The vascular injury should be clamped to provide temporary
hemostasis. Pulses in the radial artery can be palpated to ascertain
distal arterial flow and doppler ultrasound should be used to verify
distal perfusion in the radial and ulnar arteries. The proximal and
distal ends of the injured vessels need to be debrided followed by
primary arterial repair. If an immediate primary repair is unable to
be performed, the vessels can be tied off leaving long tails so that
they can be easily identified. The collateral blood flow consisting of
approximately seven vessels is able to provide adequate perfusion
distally even with an acute brachial artery transection [14]. The patient
should be transferred emergently to a tertiary care center where an
emergent vascular repair can be performed. The arterial repair should
be inspected for any leaks and distal flow in the radial and ulnar
arteries verified with Doppler ultrasound. Serial examinations of the
forearm should be performed for the development of compartment
syndrome. The surgeon should have a low threshold for performing
compartments releases as done in case two. Reperfusion injury
after vascular repair can cause further damage to the extremity
necessitating compartment releases. It is important to follow the
patient closely post operatively to monitor the patency of the vascular
repair.
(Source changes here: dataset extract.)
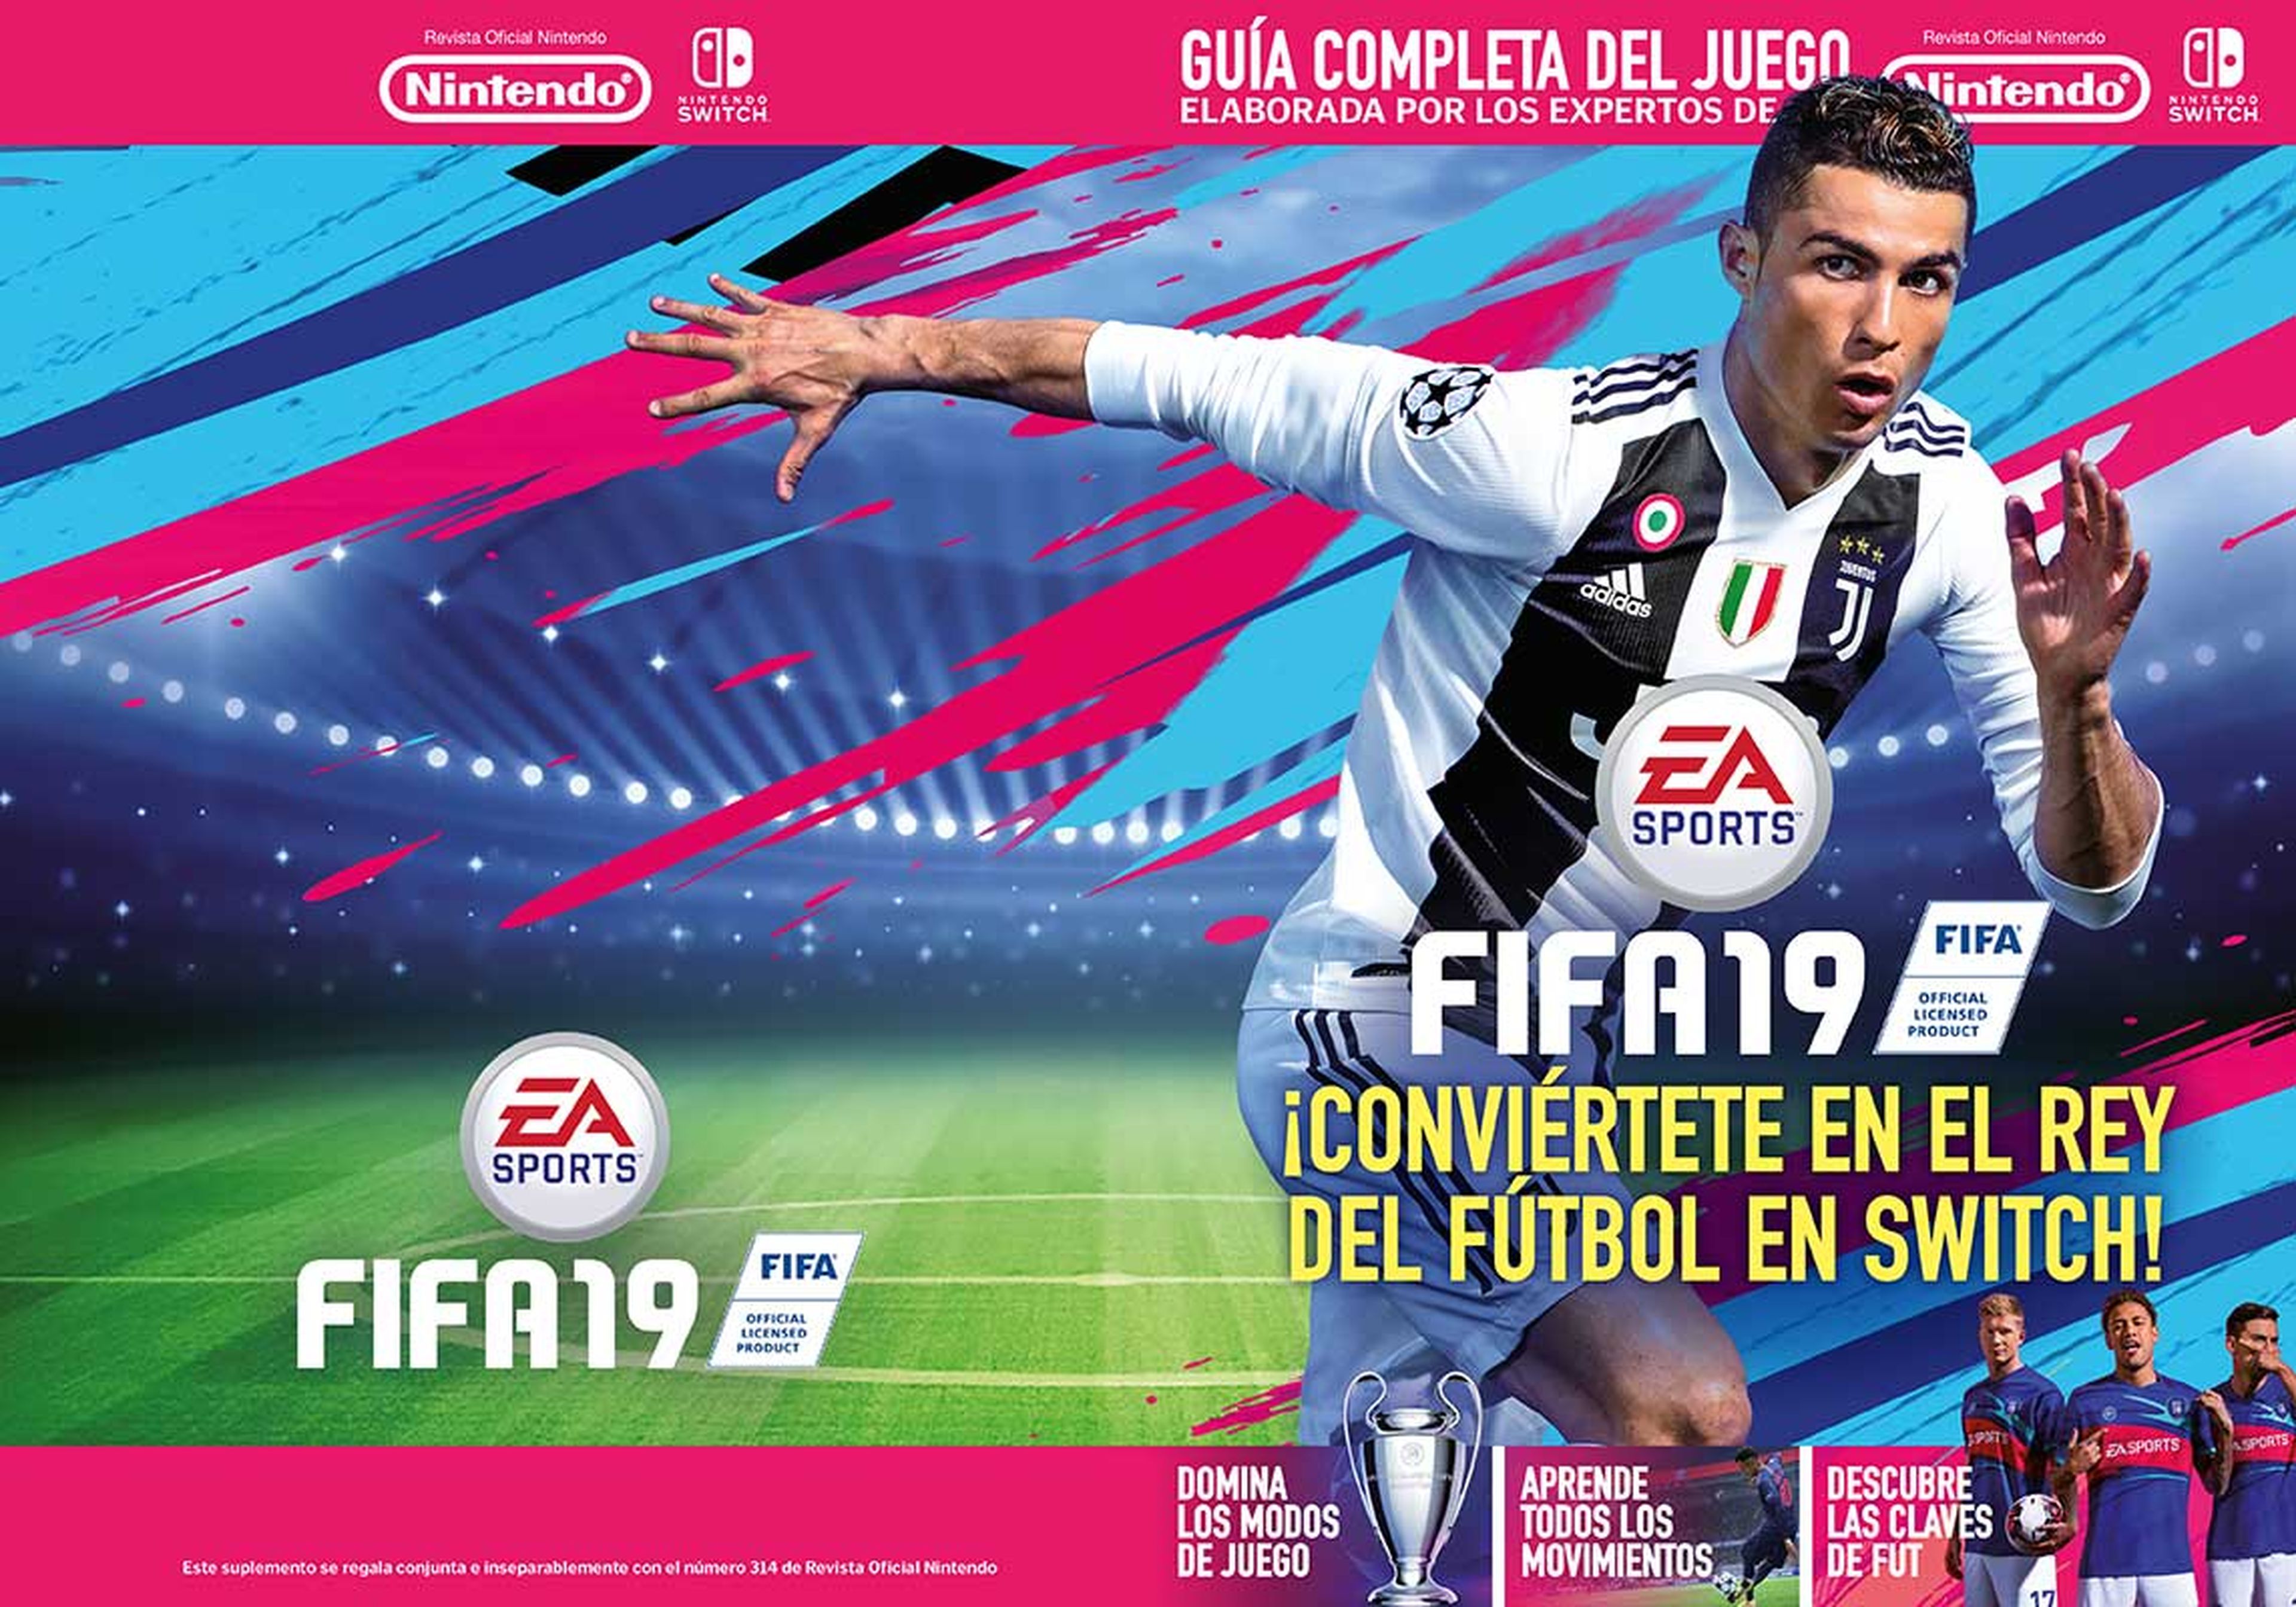 Suplemento FIFA 19 RON 314

Appropriate anti-coagulation in concert with vascular surgery
needs to be provided to prevent thrombosis of the vascular repair.
Figure 3
Figure 3
(a) Cadaveric dissection illustrating the close proximity of the
brachial and radial artery to the distal biceps tendon. (b) Closer view of the
distal biceps tendon and its relationship to the brachial and radial artery.
Conclusion
Surgical repair of a distal biceps rupture is an acceptable method of treatment as it is a relatively safe procedure, which provides restoration of flexion and supination. Complications associated with surgical repair of the distal biceps rupture include nerve damage, anterior elbow pain, heterotopic ossification, rerupture, and radioulnar synostoses. Brachial artery injury is a rare complication of distal biceps rupture repair that should be identified quickly, clamped to control bleeding, and repaired primarily. Distal extremity perfusion should be verified using Doppler ultrasound to identify arterial flow in the radial and ulnar arteries. These cases highlight the importance of vigilant surgical dissection when performing a distal biceps repair and deflating the tourniquet prior to closure.